What could make mooncakes even better? Filling them with ice cream of course! These soft and chewy biscoff snowskin mooncakes are filled with creamy vegan Biscoff nice cream (recipe here) that takes regular mooncakes to the next level.

The Biscoff mooncakes have caramel-y flavors, but the nice cream gives them a level of decadence. To make the mooncakes vegan, use a dairy-free ice cream for the filling. Oh, and if you’re also wondering, biscoff cookies are actually vegan!
For the healthy nice cream recipe, be sure to follow my Biscoff nice cream recipe here. You can eat the nice cream in these mooncakes or as is for a sweet treat.

Here’s why I love this recipe
- no-bake
- easy to prepare
- only 5 ingredients
- customizable (so many filling options!)

Ingredients Used to Make Biscoff Snowskin Mooncakes
**I’ve linked some of these ingredients to amazon.com to give you an idea of what they are, but you should also be able to find them in your local grocery store (usually, the natural & organic food section). They are also affiliate links, which means that I earn a commission as an Amazon Associate if you decide to purchase the items.

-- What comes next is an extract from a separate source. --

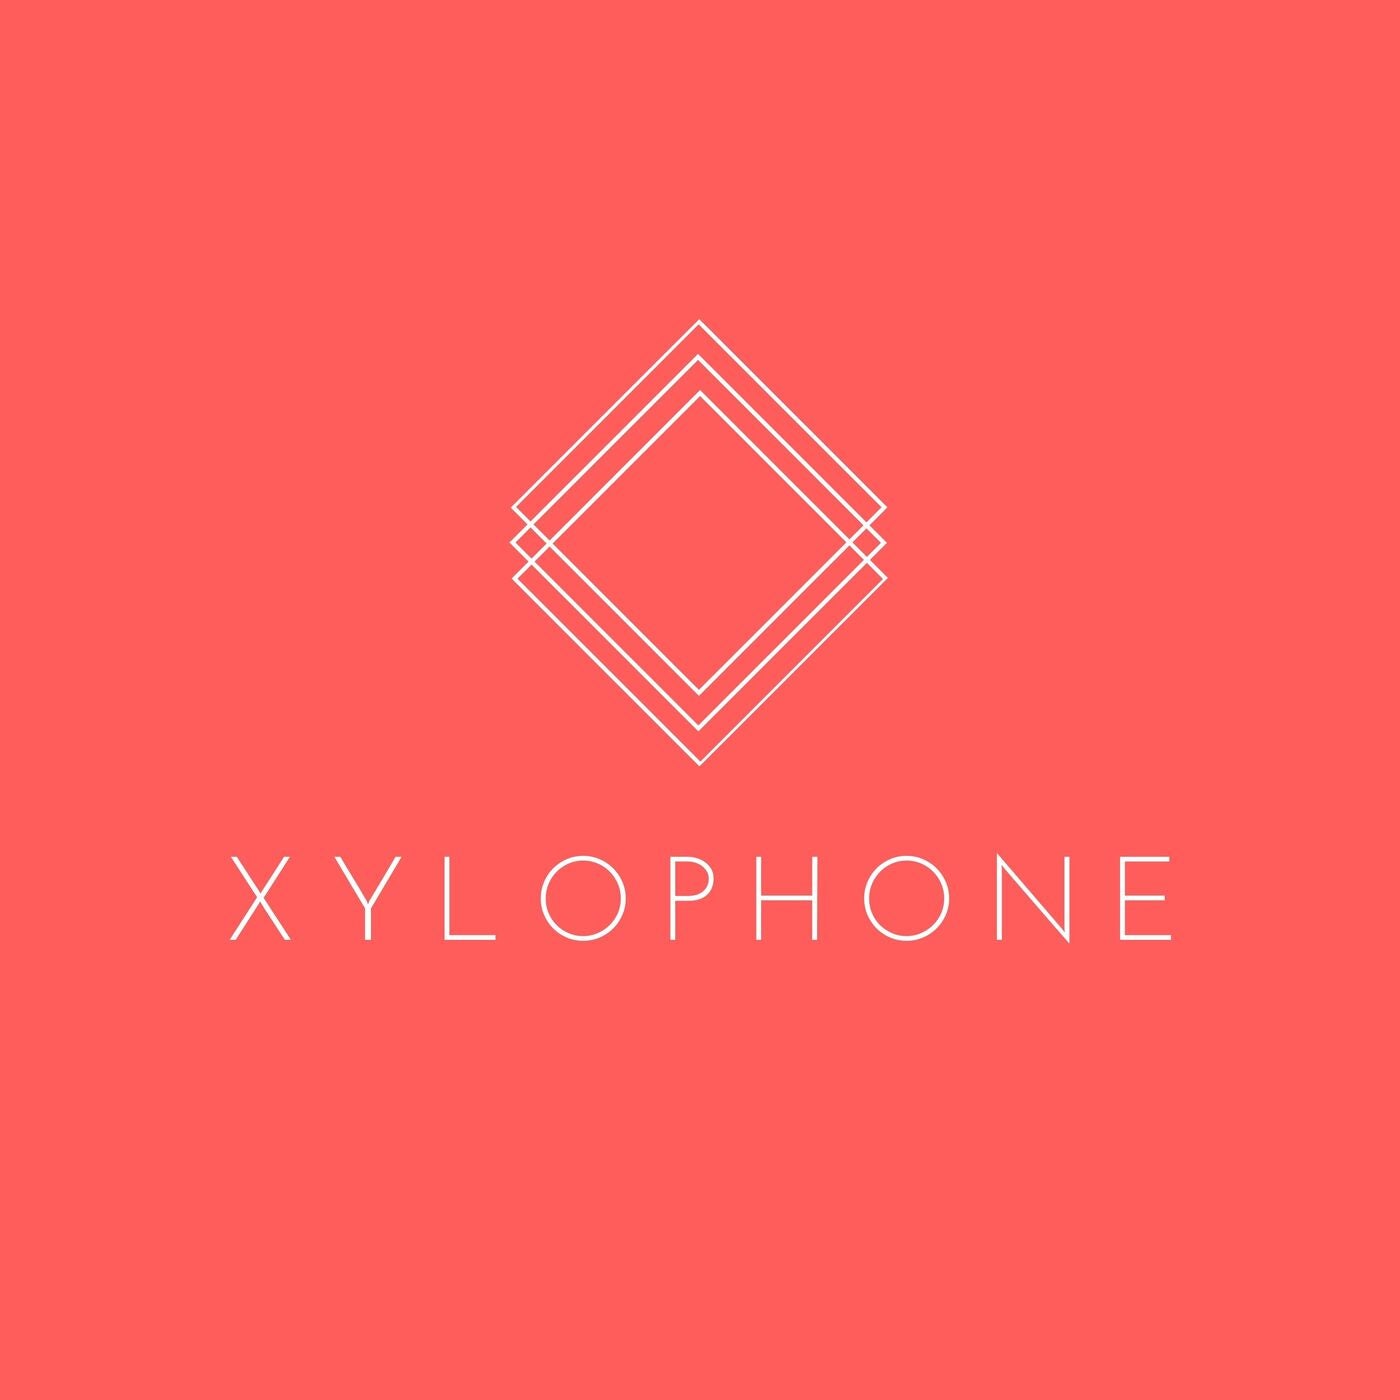 Xylophone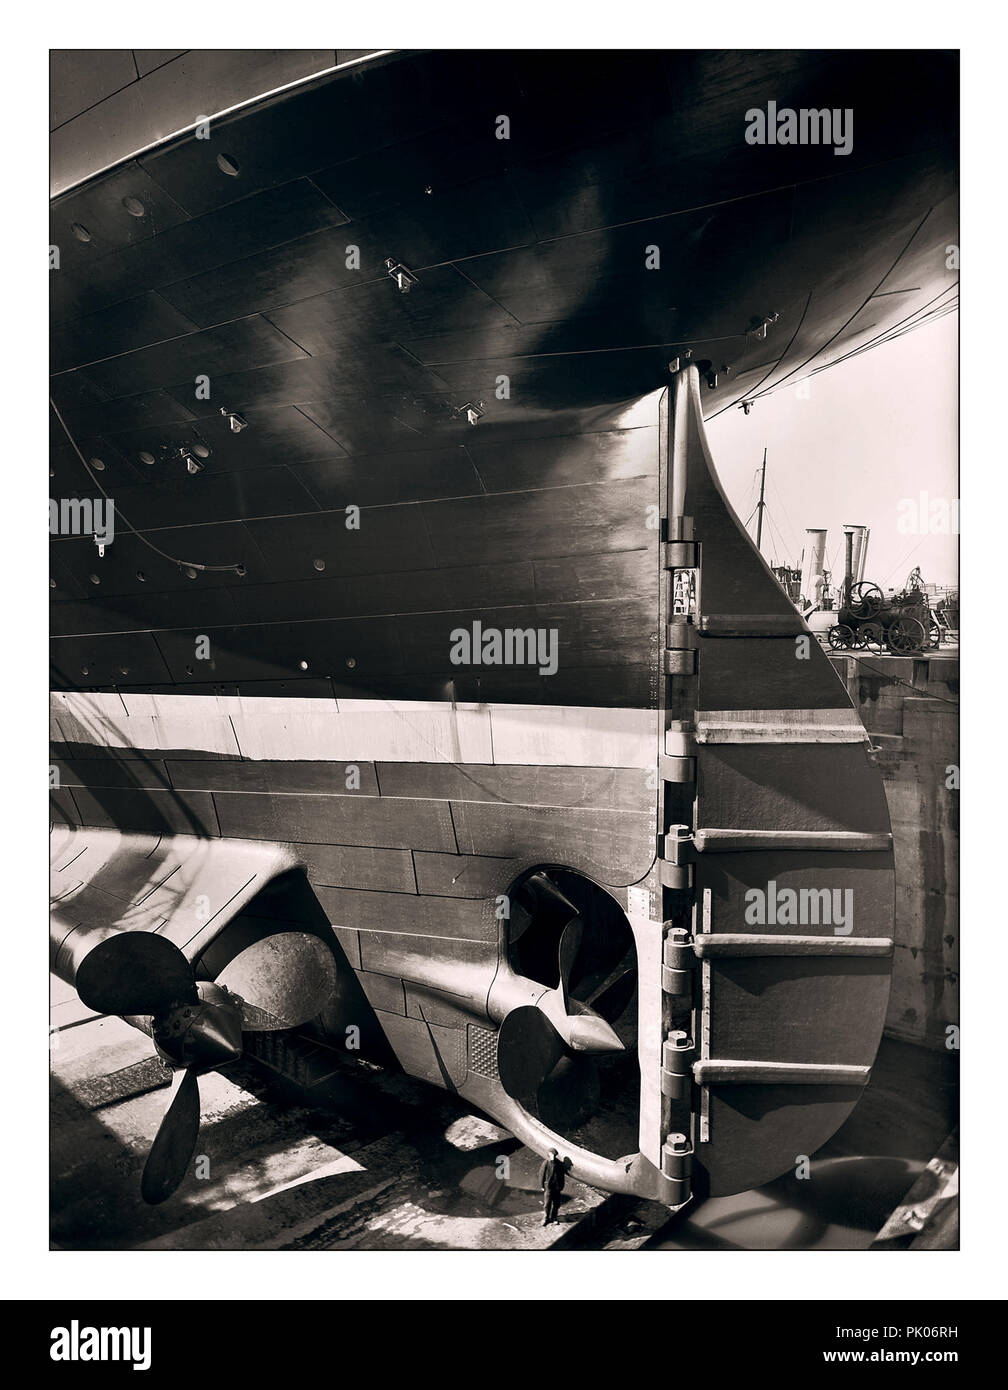 TITANIC STERN DIMENSIONI DI LAVORO COSTRUZIONE storico 1912 immagine di RMS Titanic timone e propellori con il lavoratore della nave nel grande cantiere di costruzione di bacino a secco che aggiunge scala al enorme Ocean Liner Harland e Wolff cantiere Belfast UK Foto Stock

The price will be the same for you, link or no link 🙂
- Sweetened White Bean Paste (a.k.a. Shiro An) – Shiro an is a thick and sweet fudgy paste made from finely mashed white beans, usually large butter beans or cannellini beans. It’s a hugely popular ingredient in East Asia and widely used in Asian confectionary and desserts like mochi, sweetbreads, cookies as well as mooncakes. Unfortunately, it’s not always stocked in most Asian grocery stores. Here’s one brand I found on Amazon (here).
- Glutinous Rice Flour – this goes by many names. You’ll see Glutinous Rice Flour and Mochiko Flour (my favorite brand) in Asian grocery stores, and Sweet White Rice Flour in most other stores. ***Please note that regular white rice flour or brown rice flour is NOT the same thing as glutinous rice flour!!!
- Lotus Biscoff Cookie Butter – or any cookie butter of choice
- Water – that’s right. Just water 🙂
Filling Ingredients
- I used my Biscoff nice cream recipe (link here).
Equipment for Mooncakes
The main highlight of mooncakes is their beautiful engraved patterns and shapes. Mooncake molds are readily available at different Chinese grocery stores. You can also find it online, especially on amazon. They are of premium quality and quite affordable. I got the 75g and 125g mooncake molds here

Step by Step Guide
How to Make Biscoff Snowskin Mooncakes with Ice Cream Filling
STEP 1

Prep the ice cream filling before making the mooncakes: (1) place a scoop of ice cream into a piece of plastic clear wrap (2) wrap the ice cream scoop with the plastic wrap, and freeze the pre-scooped ice cream until ready to use.
For best results, wait until the ice cream balls are frozen solid so that it’s easier to shape in the mooncake mold.
STEP 2

In a microwaveable glass bowl (like Pyrex), mix the sweetened white bean paste (shiro an), cookie butter and sweet rice flour
STEP 3

Add water. It’s all right if the batter is slightly lumpy
STEP 4

Microwave the mixture for 1 minute.
Use a SOLID METAL spoon (wooden spoons might break!) to stir the cooked mixture so that the cooked and uncooked parts are evenly mixed.
Microwave the mixture again, this time for 1 minute
STEP 5

Stir again, and pour the cooked glutinous rice dough onto a lightly greased baking pan
STEP 6

Cut the glutinous rice dough into 6-7 pieces using scissors, then fill with prepared ice cream filling
STEP 7

Fit the filled pieces into a lightly greased mooncake mold** and press into shape. I used a 75 g mooncake mold, but you can also use any mold size you have at home
STEP 8

Wrap the finished mooncake in the plastic wrap (from wrapping the scoop of ice cream before) and freeze for about 30-60 minutes before serving.
STEP 9

Enjoy!
Mooncake Dough Variation
- You can easily customize this recipe by replacing the Biscoff Cookie Butter with other sweet spreads, such as Nutella or nut butters.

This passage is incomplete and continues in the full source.